Class VortexDataWriterFactory

java.lang.Object
dev.vortex.spark.write.VortexDataWriterFactory
All Implemented Interfaces:
Serializable, org.apache.spark.sql.connector.write.DataWriterFactory

public final class VortexDataWriterFactory extends Object implements org.apache.spark.sql.connector.write.DataWriterFactory, Serializable
Factory for creating VortexDataWriter instances on Spark executors.

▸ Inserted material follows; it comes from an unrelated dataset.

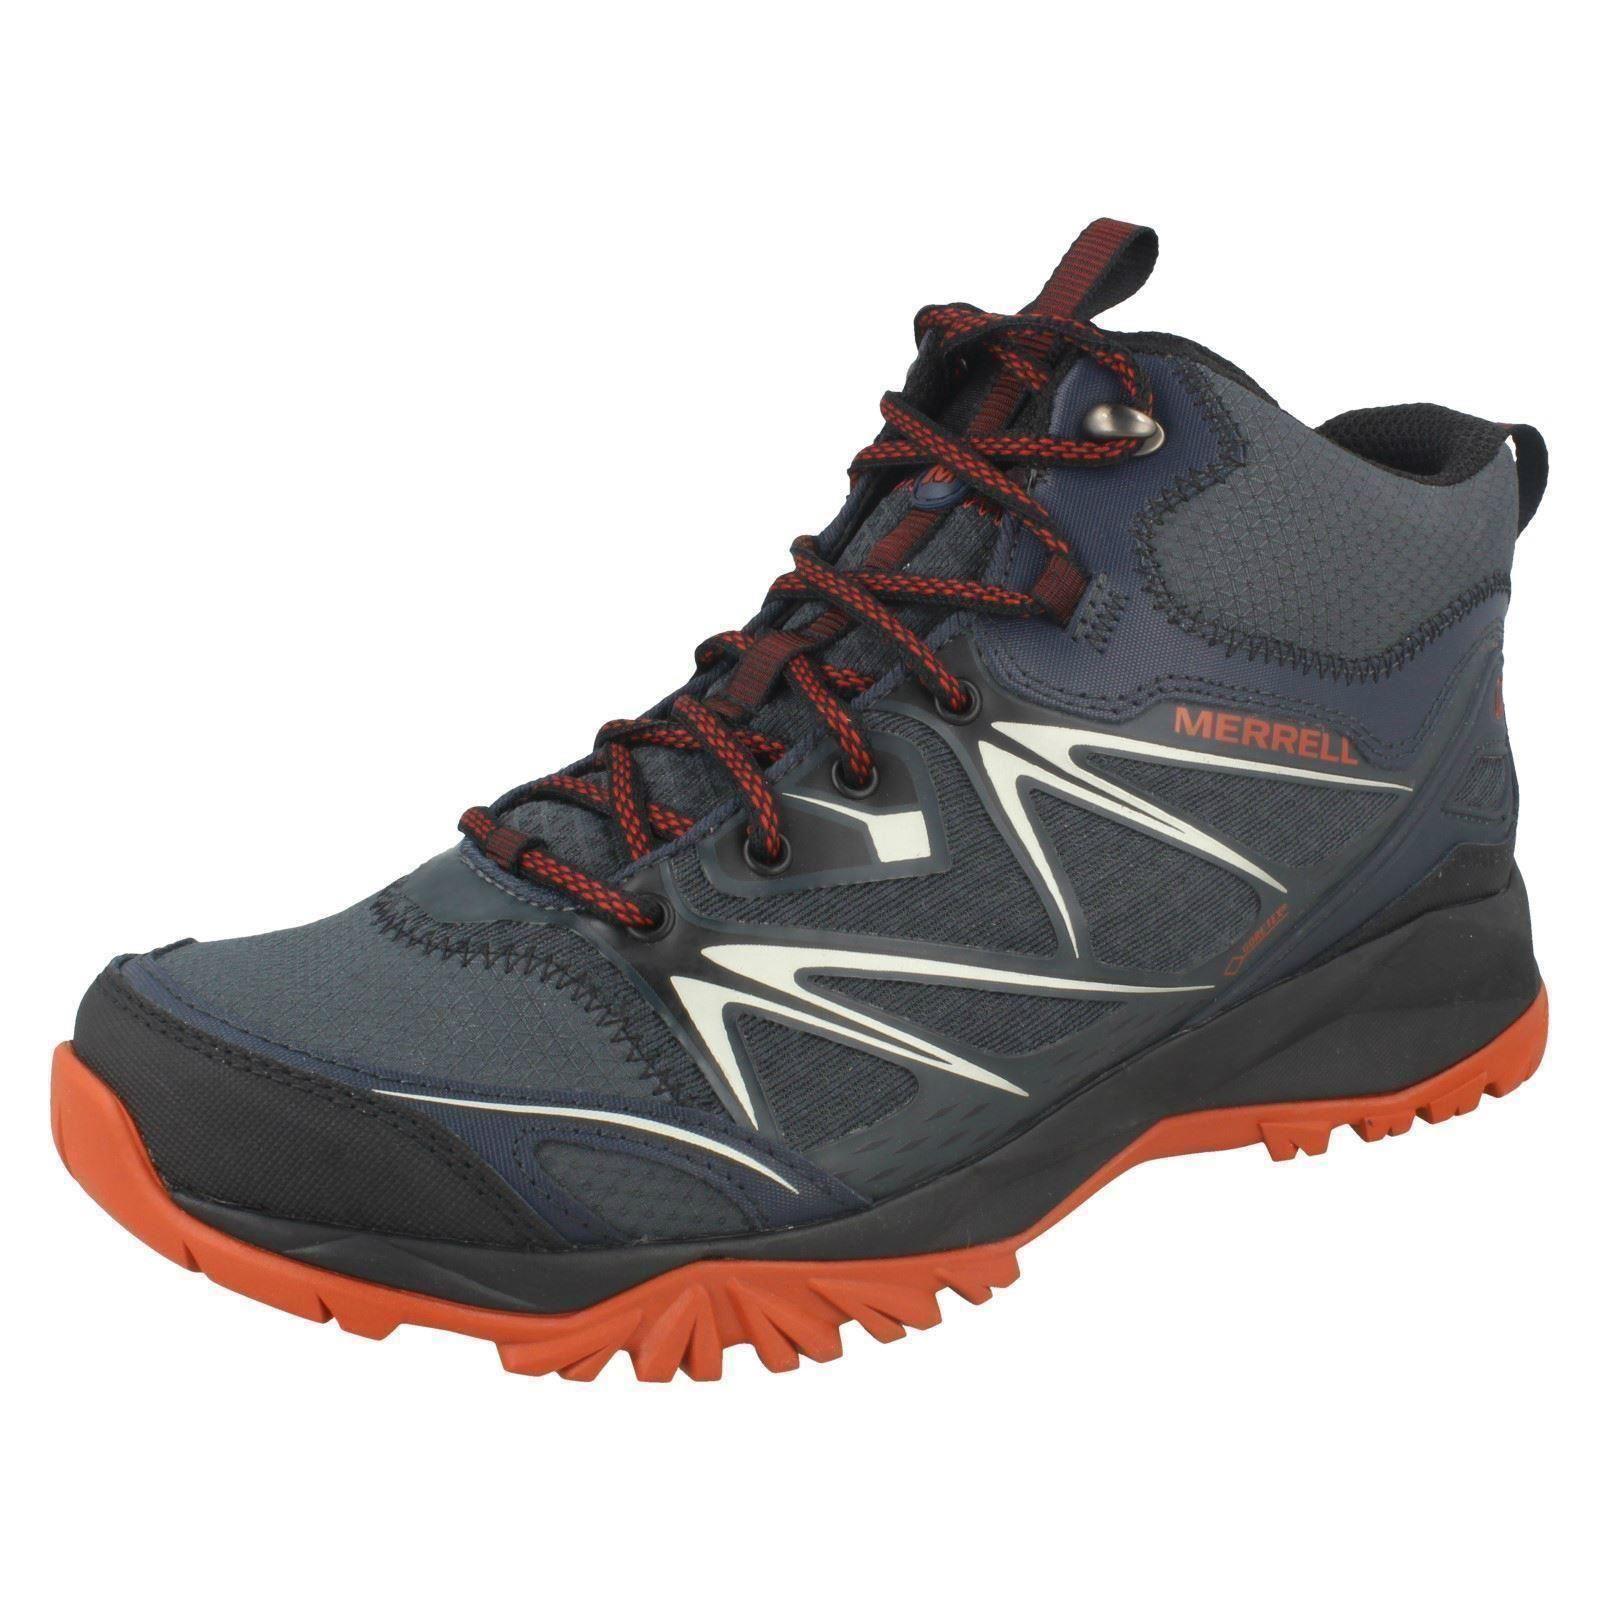 Mens Merrell Walking Boots Capra Bolt Mid Gore-Tex J35719 J35719 J35719 3196c3

This factory is serialized and sent to executors where it creates data writers for each task.

See Also:
  • Constructor Details

    • VortexDataWriterFactory

      public VortexDataWriterFactory(String outputUri, org.apache.spark.sql.types.StructType schema, Map<String,String> options)
      Creates a new VortexDataWriterFactory.
      Parameters:
      outputUri - the base path where Vortex files will be written
      schema - the schema of the data to write
      options - additional write options
  • Method Details

    • createWriter

      public org.apache.spark.sql.connector.write.DataWriter<org.apache.spark.sql.catalyst.InternalRow> createWriter(int partitionId, long taskId)
      Creates a new data writer for a specific partition and task.

      Each task writes its data to a separate Vortex file to avoid conflicts.

      Specified by:
      createWriter in interface org.apache.spark.sql.connector.write.DataWriterFactory
      Parameters:
      partitionId - the partition ID
      taskId - the task ID
      Returns:
      a new VortexDataWriter instance